The first time was a total fail. I tried to stoke chatter about the most efficient way to play the game, even encouraging them to check out 3Blue1Brown’s well-done YouTube video about it. However, it quickly became clear that analyzing the optimal playing strategy was a yawner. Each kid had their favorite set of starting words and style of play. Passions ran deep. Regardless, none of them were warm to my notion that this was “fun computer science” — an oxymoron to these teens (despite that shockingly awesome mobile computer in their hands).

But last night, between slices of frozen pizza with 3 freshman girls and two junior boys, I said, “You guys should check out the video my friend Colin made. He can guess the Wordle answer on the first try every day…. And all he looks at are the blank colored squares on Twitter. Not a single letter as a prompt, and he can guess the word.”

“Bull sh**, Mr. Goddard.” Young-J, one of my son’s friends, sometimes loses his tongue. (He quickly apologized.)

It’s real, Young-J. Here’s how you can predict the Wordle solution of the day just by ‘watching’ empty squares on Twitter for a couple of minutes….

A Simple Model

[Beware: the example below spoils Wordle #235, from Feb 9.]

Colin was inspired by a Kaggle post by Ben Hamner. He riffed a little — working with the full universe of possibilities rather than simulating games, and using table operations instead of loops (but I don’t want to lose Young-J by writing about dictionary cross-joins).

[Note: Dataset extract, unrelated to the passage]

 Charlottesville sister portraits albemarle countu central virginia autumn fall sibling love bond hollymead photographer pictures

The premise is quite straightforward.

Every day Twitter is littered with pictures like this:

Source: Image by author

Ignoring the self-evident all-green row, the key is to reflect on the information in any given row.

Source: image by author

Even though there are no letters, by simply looking at the color pattern in that row you know something. For my typing ease, indulge me in using yes-no-maybe shorthand (“YNM”) to represent the red box above as NYYNM.

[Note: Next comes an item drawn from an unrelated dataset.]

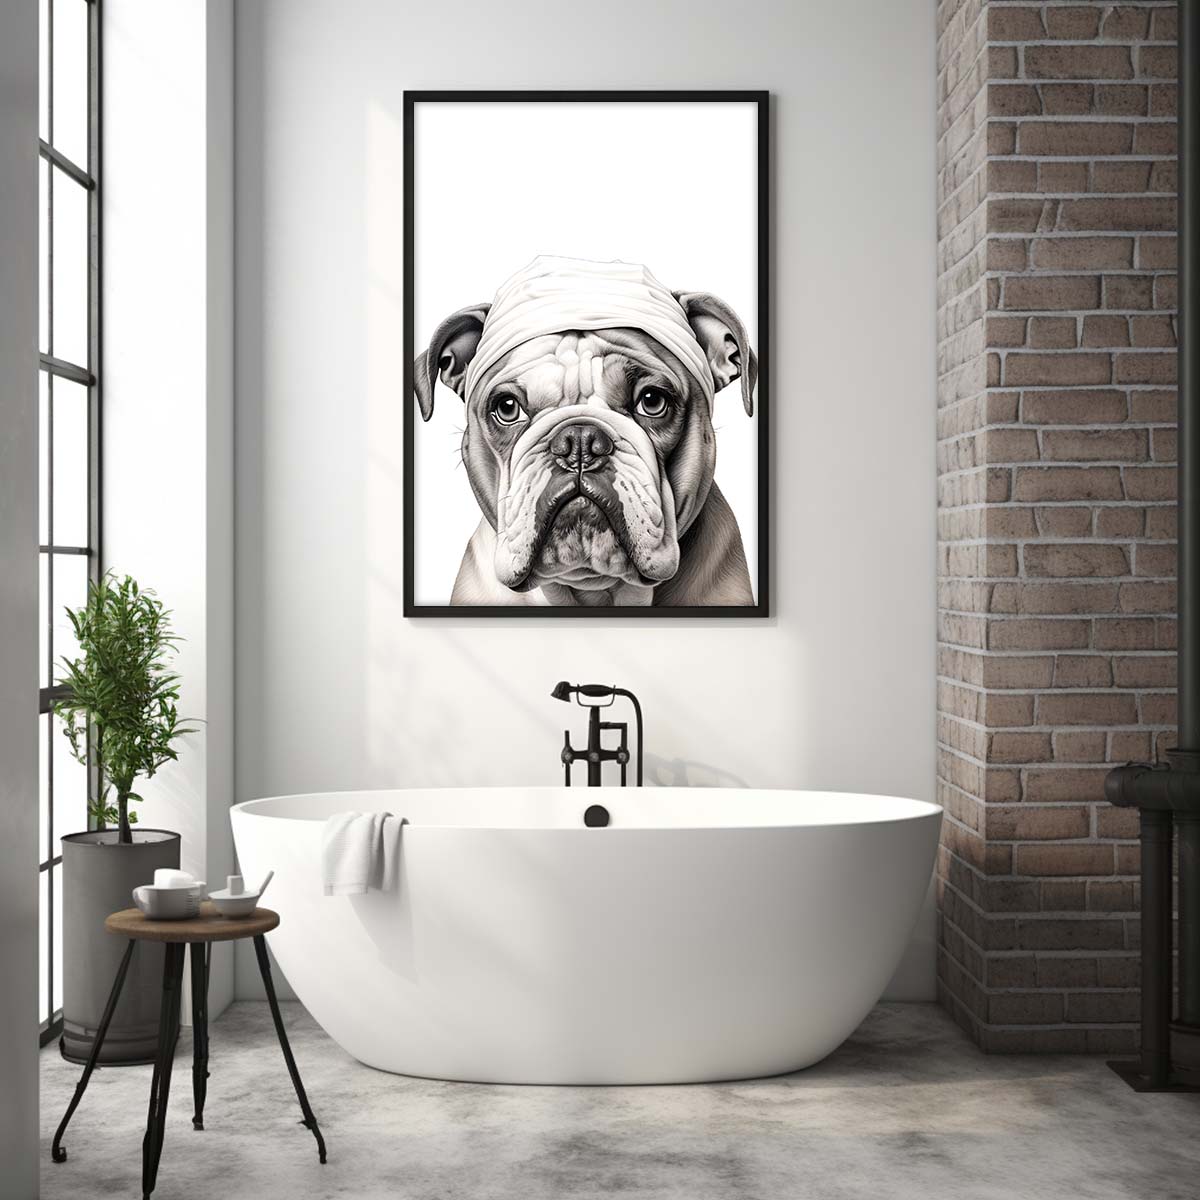 Bulldog With Toilet Paper, Canvas Or Poster, Funny Dog Art, Bathroom Wall Decor, Home Decor, Bathroom Wall Art, Dog Wall Decor, Animal Decor, Pet Gift, Pet Illustration, Digital Download

Without any knowledge about the actual letters, when we see a NYYNM box, we know:

  1. The Wordle could be “HUMOR” — yesterday’s Wordle. (Yes, there’s the spoiler.)
  2. The Wordle could also be “ALARM” or “EPOXY” or 1813 other 5-letter words.
  3. But the Wordle cannot be “ABBEY” or “ENVOY” or 497 other possible Wordle solutions.

In HUMOR’s case, guesses like JUMBO to BUMPH (a new word for me, meaning “useless or tedious information”) would produce this pattern.

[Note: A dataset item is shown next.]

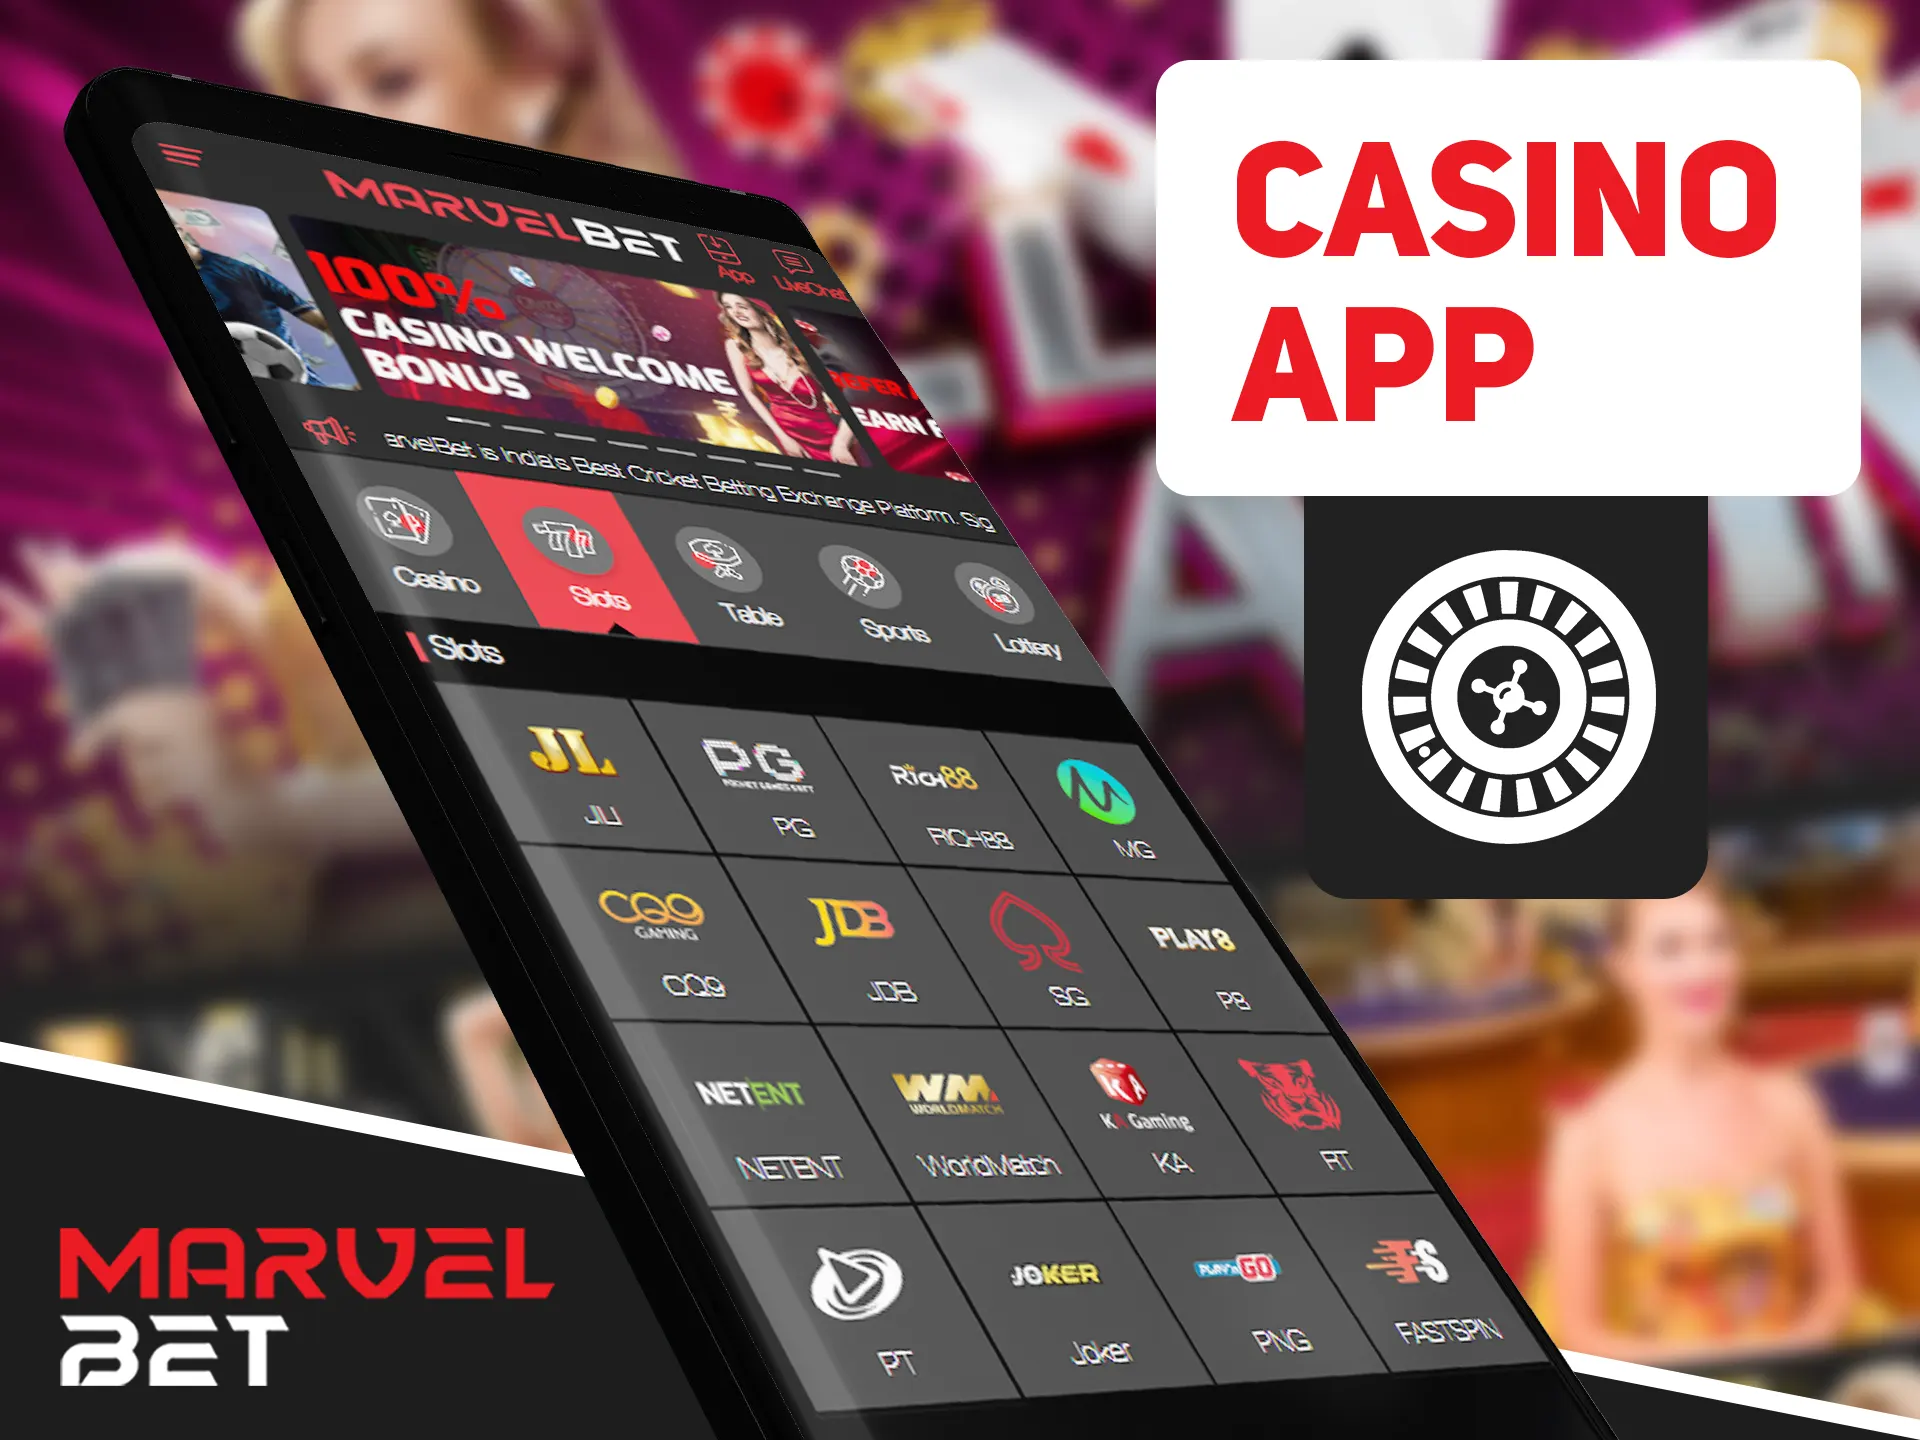 Play various types of casino games using Marvelbet app.

For ALARM, guesses of PLAZA or GLAIR would yield the NYYNM pattern. For EPOXY, guesses of SPORE and APODE (“a group of soft-finned fish” — who knew?) work.

But, as noted in #3 above, there is no guess that would produce a NYYNM pattern for ABBEY or ENVOY.

Perhaps in reading the above you actually checked my work. In doing so, you performed the quite simple task Colin asked a computer to do: “For every possible 5-letter guess, calculate the 5-box-YNM pattern for every possible solution.”

It’s about 30 million combinations. Simple stuff for a computer processor.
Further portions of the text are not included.